3. Hardware Emulation of Neural Networks
In the following, we present six neural network models that have been emulated on the Spikey chip. Most of the emulation results are compared to those obtained by software simulations in order to verify the network functionality and performance. For all these simulations the tool NEST (Gewaltig and Diesmann, 2007) or NEURON (Carnevale and Hines, 2006) is used.
3.1. Synfire chain with feedforward inhibition
Architectures with a feedforward connectivity have been employed extensively as computational components and as models for the study of neuronal dynamics. Synfire chains are feedforward networks consisting of several neuron groups where each neuron in a group projects to neurons in the succeeding group.
They have been originally proposed to account for the presence of behaviorally related, highly precise firing patterns (Prut et al., 1998; Baker et al., 2001). Further properties of such structures have been studied extensively, including activity transport (Aertsen et al., 1996; Diesmann et al., 1999; Litvak et al., 2003), external control of information flow (Kremkow et al., 2010a), computational capabilities (Abeles et al., 2004; Vogels and Abbott, 2005; Schrader et al., 2010), complex dynamic behavior (Yazdanbakhsh et al., 2002), and their embedding into surrounding networks (Aviel et al., 2003; Tetzlaff et al., 2005; Schrader et al., 2008). Kremkow et al. (2010b) have shown that feedforward inhibition can increase the selectivity to the initial stimulus and that the local delay of inhibition can modify this selectivity.
3.1.1. Network topology
The presented network model is an adaptation of the feedforward network described in Kremkow et al. (2010b).
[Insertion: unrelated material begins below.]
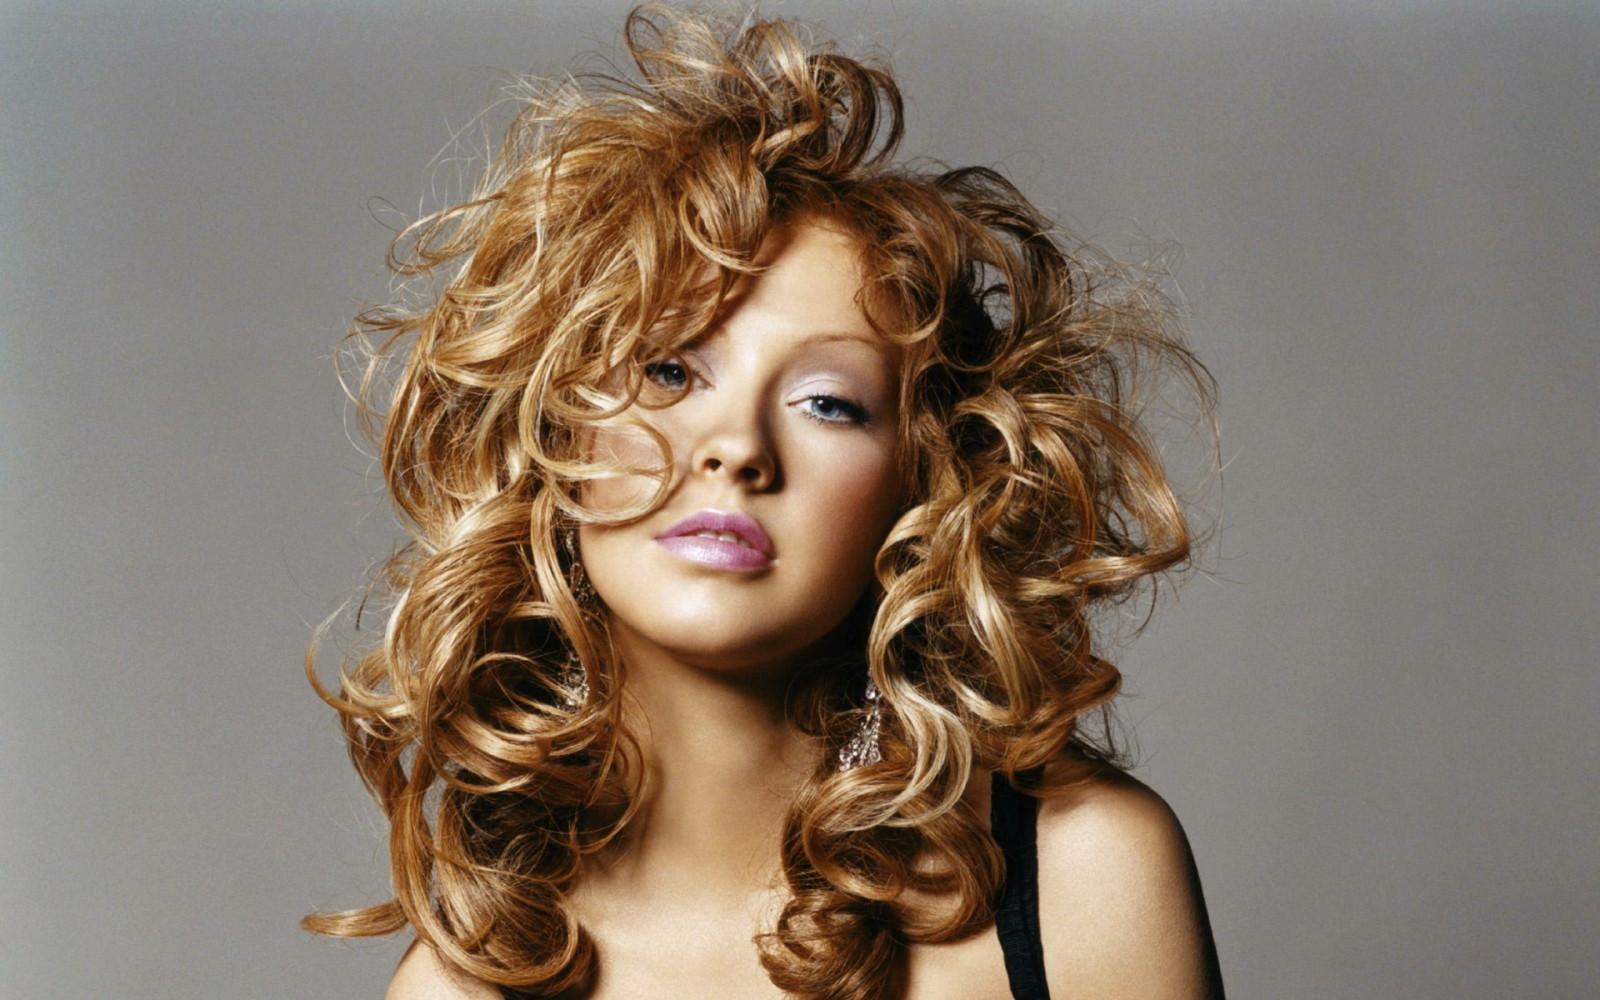 Пышные прически на длинные волосы: фото, как сделать укладку 14

The network consists of several neuron groups, each comprising nRS = 100 excitatory regular spiking (RS) and nFS = 25 inhibitory fast spiking (FS) cells. All neurons are modeled as LIF neurons with exponentially decaying synaptic conductance courses. According to Kremkow et al. (2010b) all neurons have identical parameters.
As shown in Figure 4A, RS neurons project to both RS and FS populations in the subsequent group while the FS population projects to the RS population in its local group. Each neuron receives a fixed number of randomly chosen inputs from each presynaptic population. The first group is stimulated by a population of nRS external spike sources with identical connection probabilities as used for RS groups within the chain.
Two different criteria are employed to assess the functionality of the emulated synfire chain. The first, straightforward benchmark is the stability of signal propagation. An initial synchronous stimulus is expected to cause a stable propagation of activity, with each neuron in an RS population spiking exactly once. Deviations from the original network parameters can cause the activity to grow rapidly, i.e., each population emits more spikes than its predecessor, or stall pulse propagation.
The second, broader characterization follows Kremkow et al. (2010b), who has analyzed the response of the network to various stimuli. The stimulus is parametrized by the variables a and σ. For each neuron in the stimulus population a spike times are generated by sampling them from a Gaussian distribution with common mean and standard deviation. σ is defined as the standard deviation of the spike times of all source neurons. Spiking activity that is evoked in the subsequent RS populations is characterized analogously by measuring a and σ.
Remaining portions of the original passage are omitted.